American biochemist David Baker is leading a technological revolution that has the potential to change science and medicine forever. In order to understand its full potential, one has to go to the very depths of a living being: its DNA. This molecule stores all the necessary instructions to make proteins through different combinations of the letters ACGT. Proteins, in turn, are responsible for almost any biological process you can think of, from a tree’s growth to a firefly’s glow, as well as a person’s ability to think, breathe, digest and everything in between.

Understanding how proteins take shape has been one of the most complicated problems in biology for more than half a century. The transcription and translation of DNA within cells produces a linear sequence of amino acids arranged in single file; but that string twists on itself in mere fractions of a second to form perfect three-dimensional structures capable of embracing, cutting, pasting, absorbing, transmitting and producing. Nothing in the two-dimensional DNA or amino acid sequences hints at the shape that the final molecule will take, and it is precisely its shape that will determine its function. Calculating all the possible shapes of a single protein with conventional methods could take more than 13.7 billion years – the age of the universe. And there are hundreds of millions of different proteins in nature.

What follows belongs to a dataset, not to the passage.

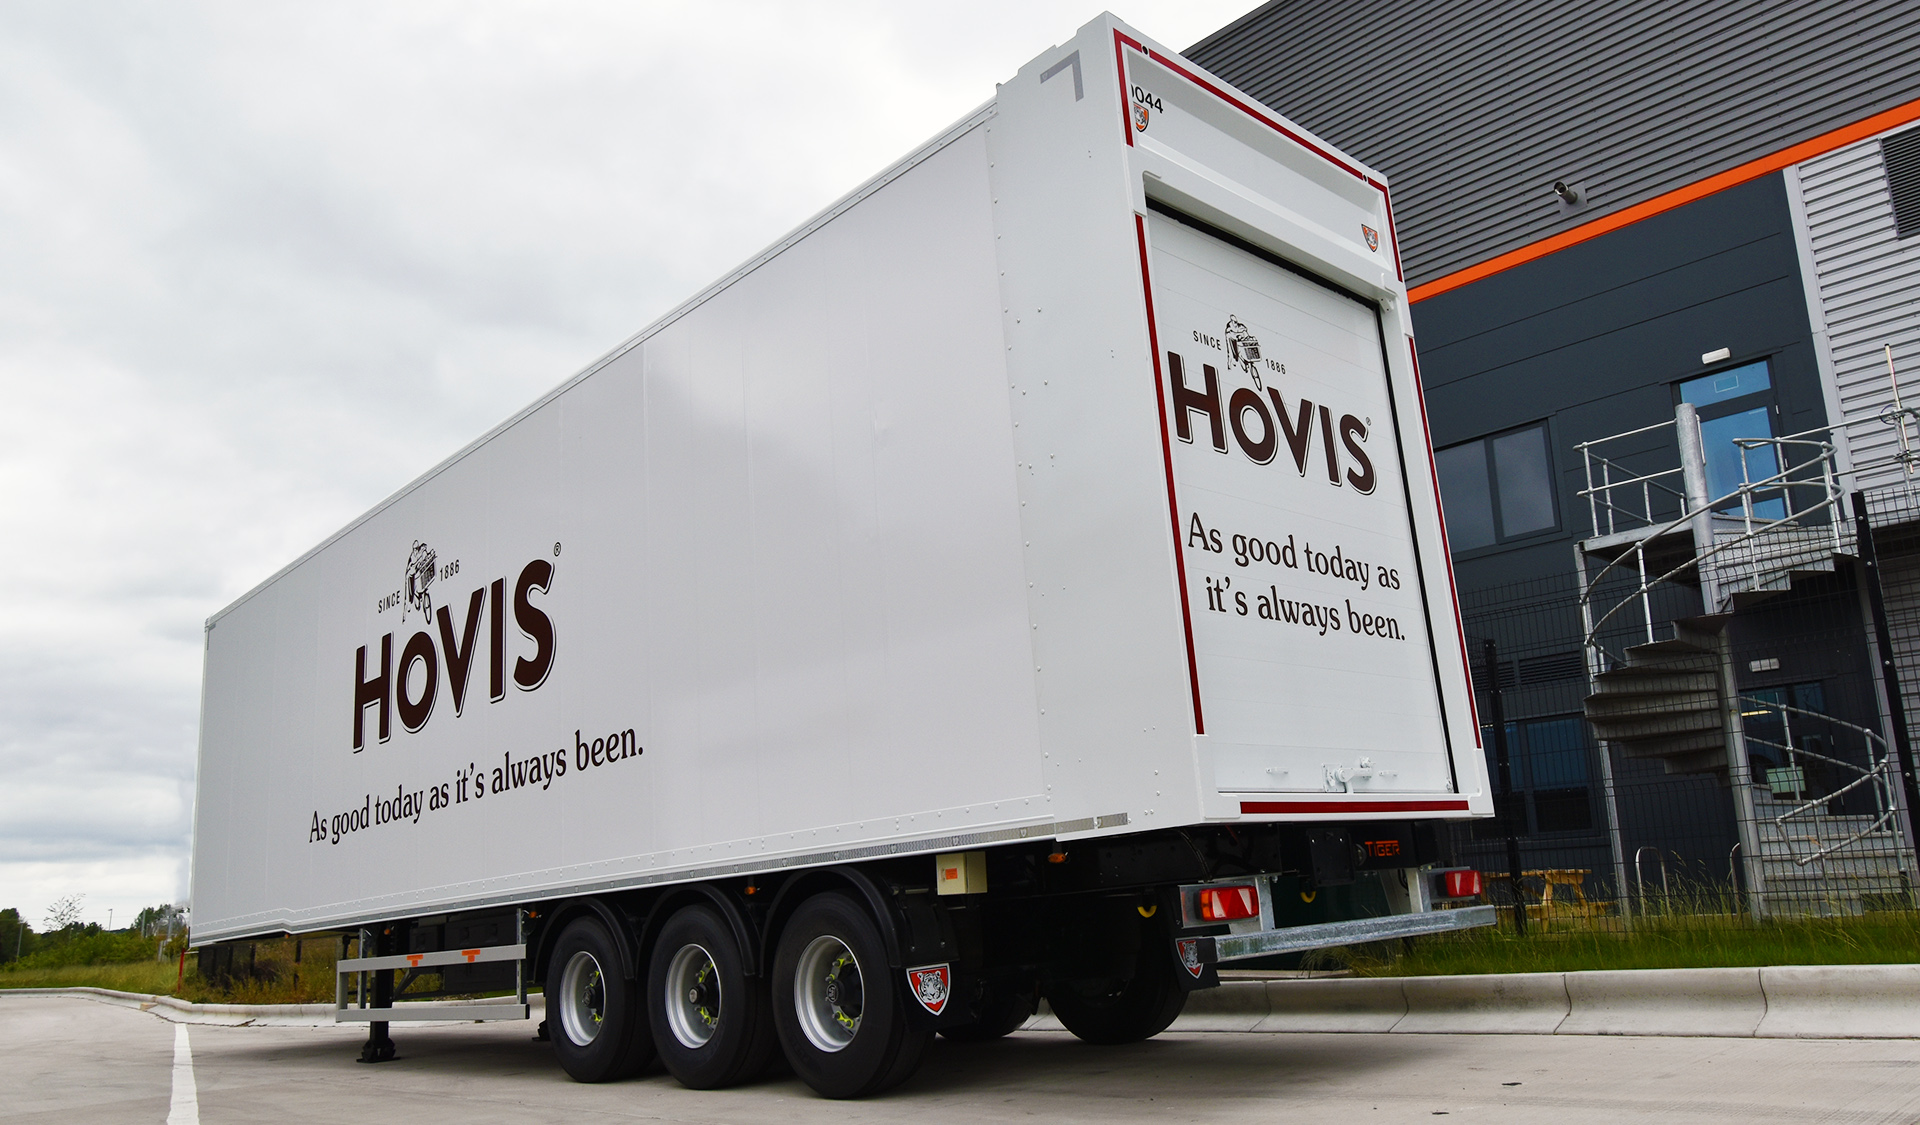 Case study - Hovis baker innovative efficient moving double deck bread basket - internal roof

Last summer, AlphaFold, an artificial intelligence system developed by DeepMind – a Google-owned company – predicted the shape of almost all known proteins: more than 200 million. The historic achievement was made possible by deep learning systems. These sets of algorithms mimic the workings of neurons in the human brain and, even though they are still far from matching our organ’s capacity, they are very efficient at finding patterns in huge databases. Thanks to these systems, predicting the shape of a protein is now done in minutes instead of years.

David Baker’s laboratory at the University of Washington has gone one step further, developing several open artificial intelligence systems that create proteins that have never existed in nature. The RoseTTA Fold system and its successors make it possible to design, with unprecedented ease, new proteins with amazing functions, such as blocking all variants of Covid-19 or fighting diseases with no known cause, such as Crohn’s or idiopathic pulmonary fibrosis. His team is perfecting a system of tools to “say a protein,” that is, to describe its function out loud and have the computer provide its complete sequence. It also seeks to auto-complete a protein of which only part was provided, as if it were a Google search.

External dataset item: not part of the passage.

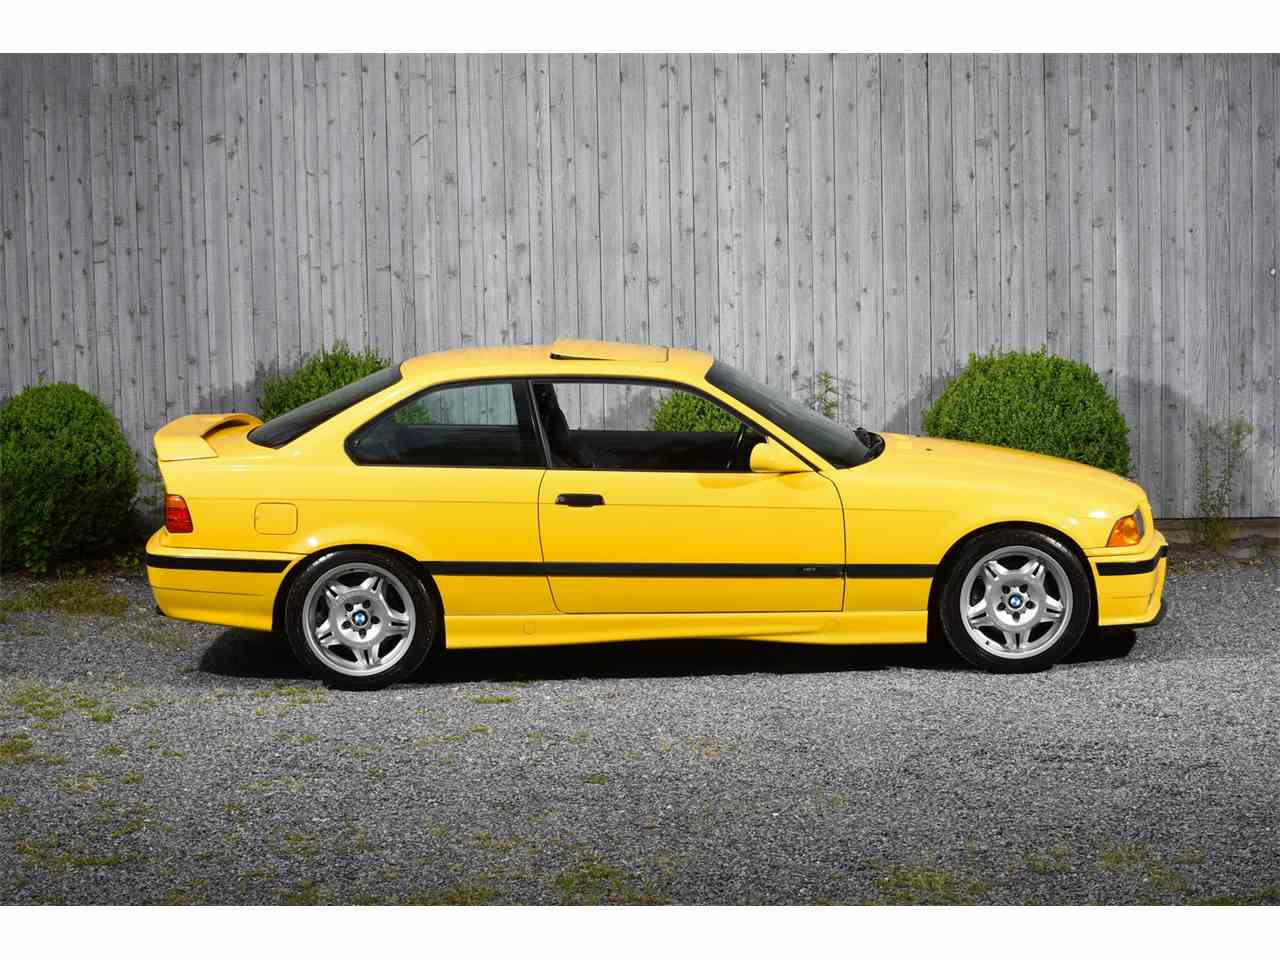 BMW M For Sale ClassicCarscom CC - 1994 bmw m3

Baker has just received the BBVA Foundation’s Frontiers of Knowledge Award in Biomedicine, along with his DeepMind colleagues Demis Hassabis and John Jumper. In this interview, conducted by videoconference, he talks about the enormous potential of this technology. One of his most achievable goals is to create a nasal spray that blocks the entry of respiratory viruses like the flu virus, the respiratory syncytial virus, the coronavirus and other winter respiratory pathogens, thanks to artificially-engineered proteins.

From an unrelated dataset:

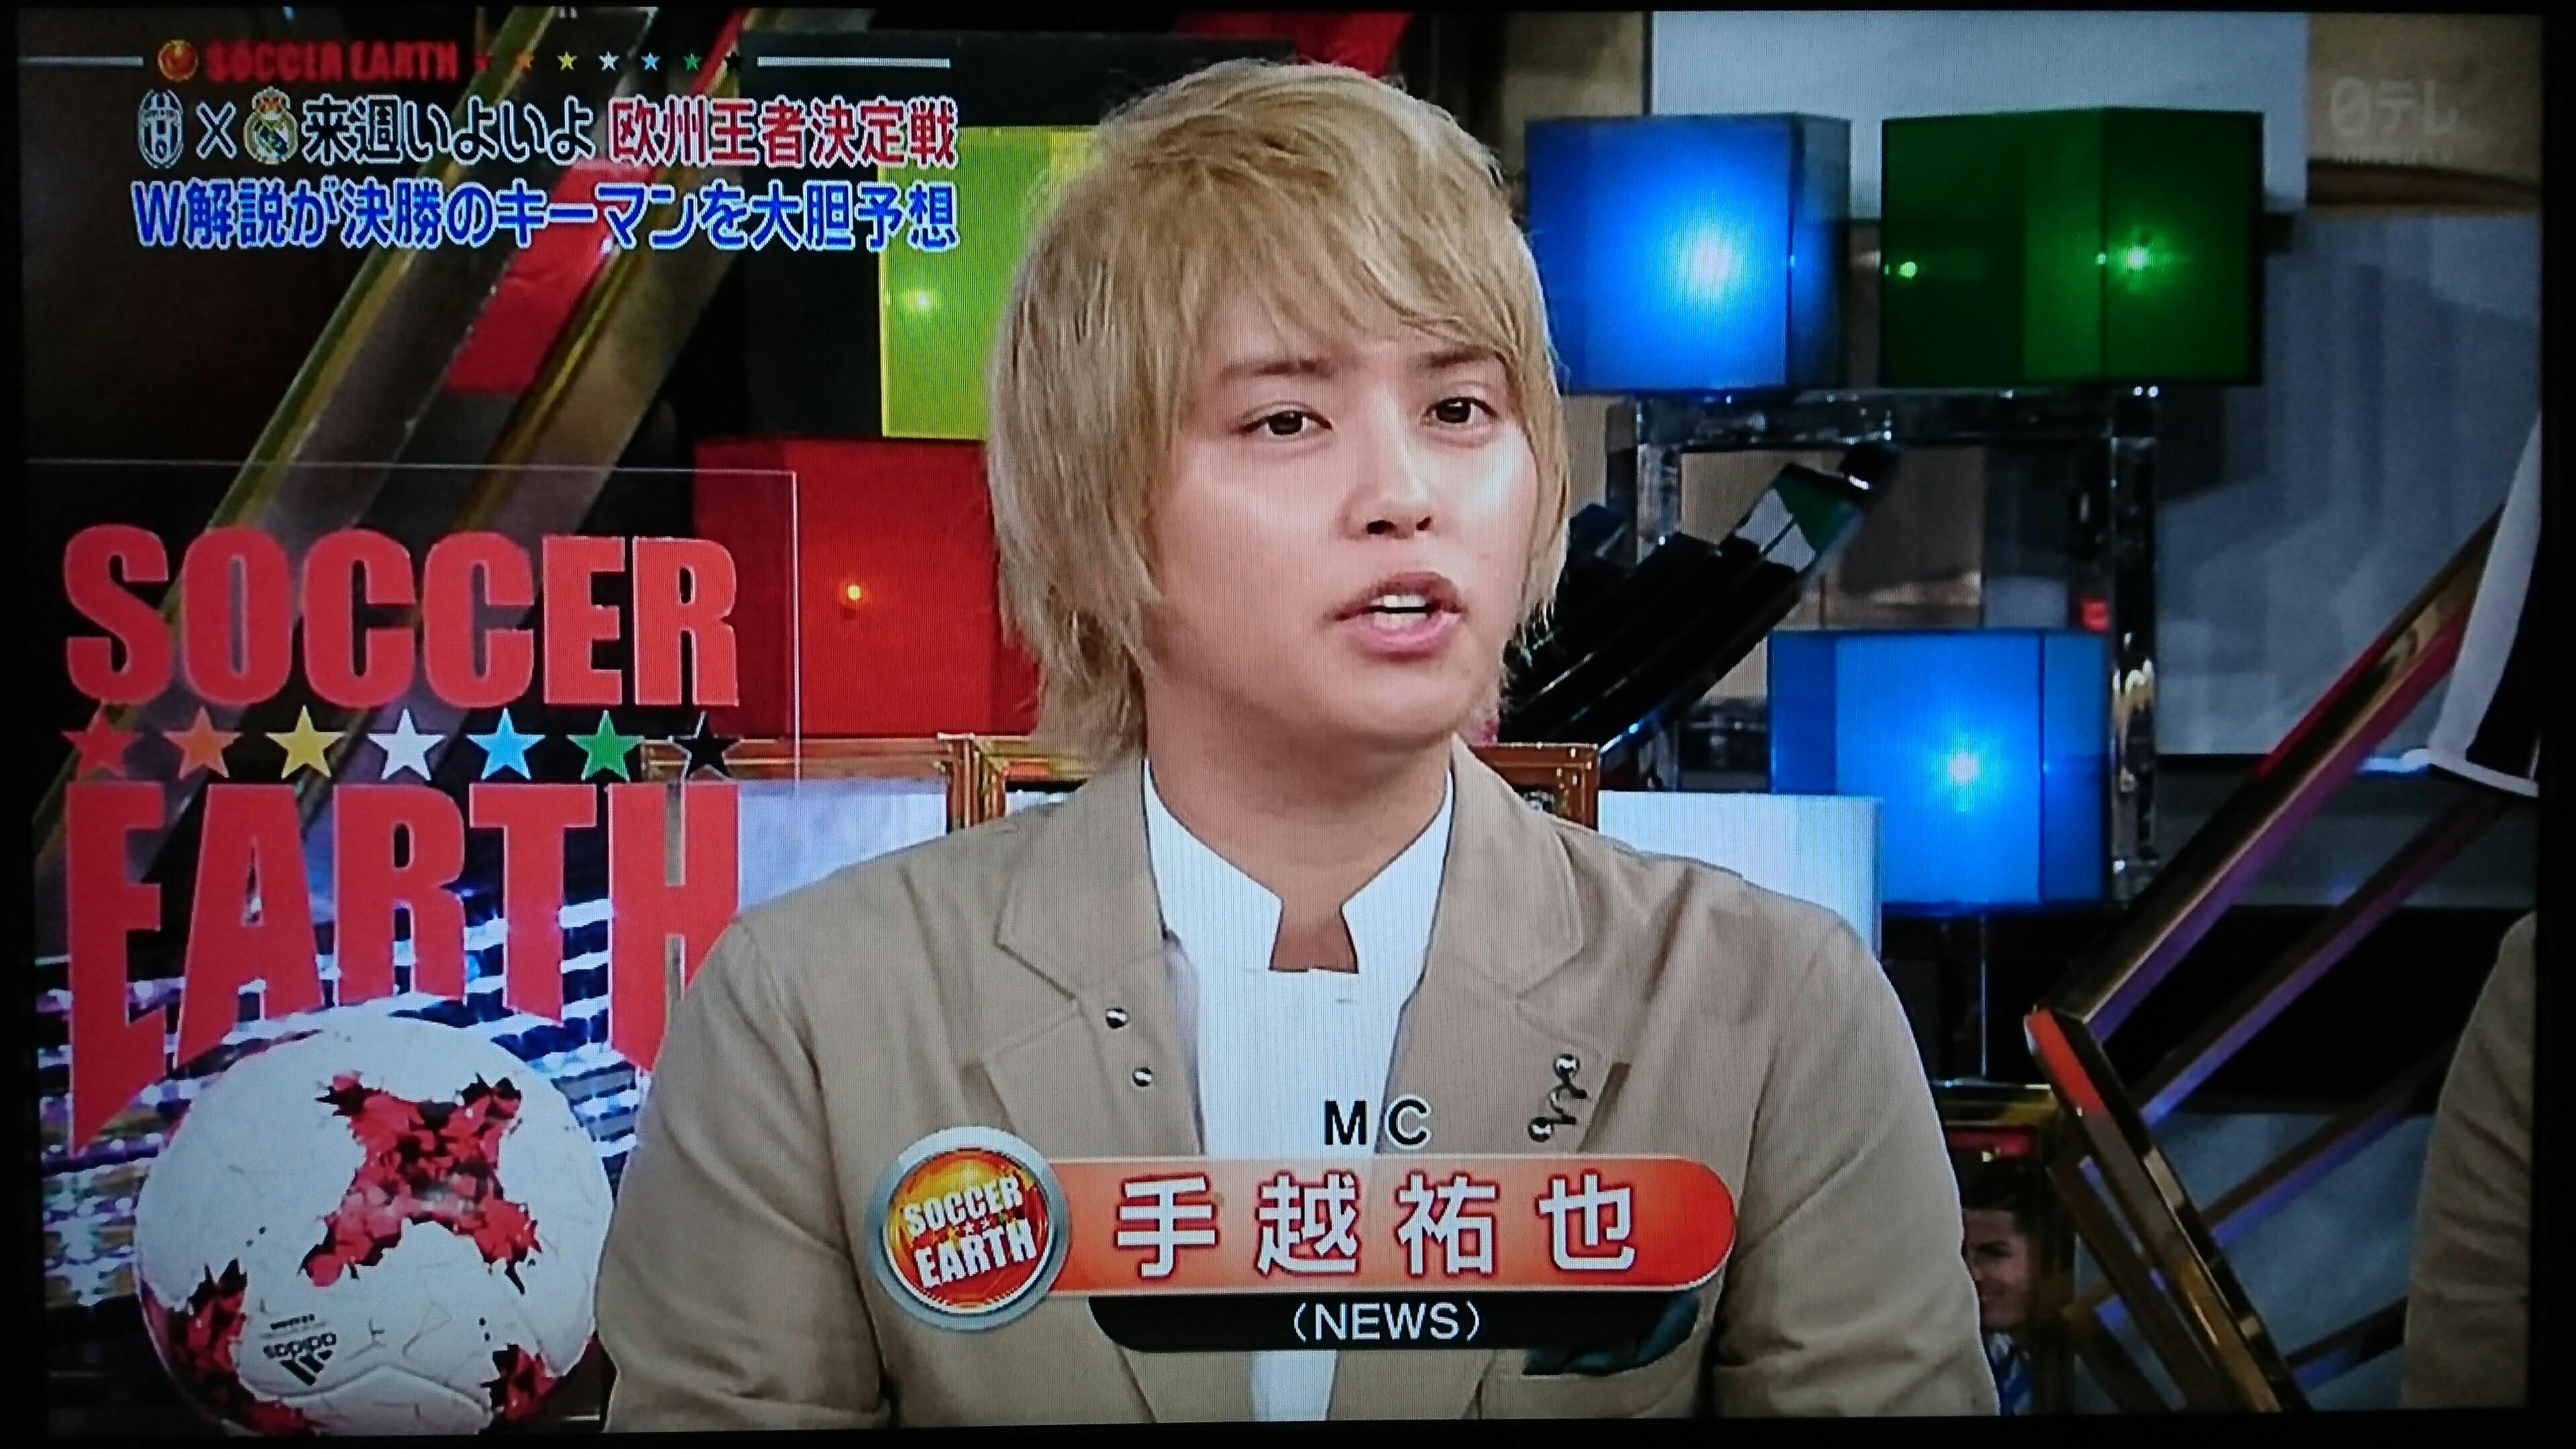 f:id:sunflower-shigeaki:20170528224950j:image

Question. You say that this technology will change the world more than the Stone Age or the Industrial Revolution. Why?

Answer. Until very recently, all the proteins we knew came from an evolutionary process. Kind of like some kind of ancient elven language that was passed down to us. And the way that people have approached engineering and biology is to take these ancient proteins and modify them a little bit. That’s the analogy with the Stone Age; that’s how Stone Age technology worked. You modified sticks and stones a little bit. And so now that we can build completely new proteins from first principles to do exactly what we want to do, that’s much more like human technology outside of biology’s possibilities.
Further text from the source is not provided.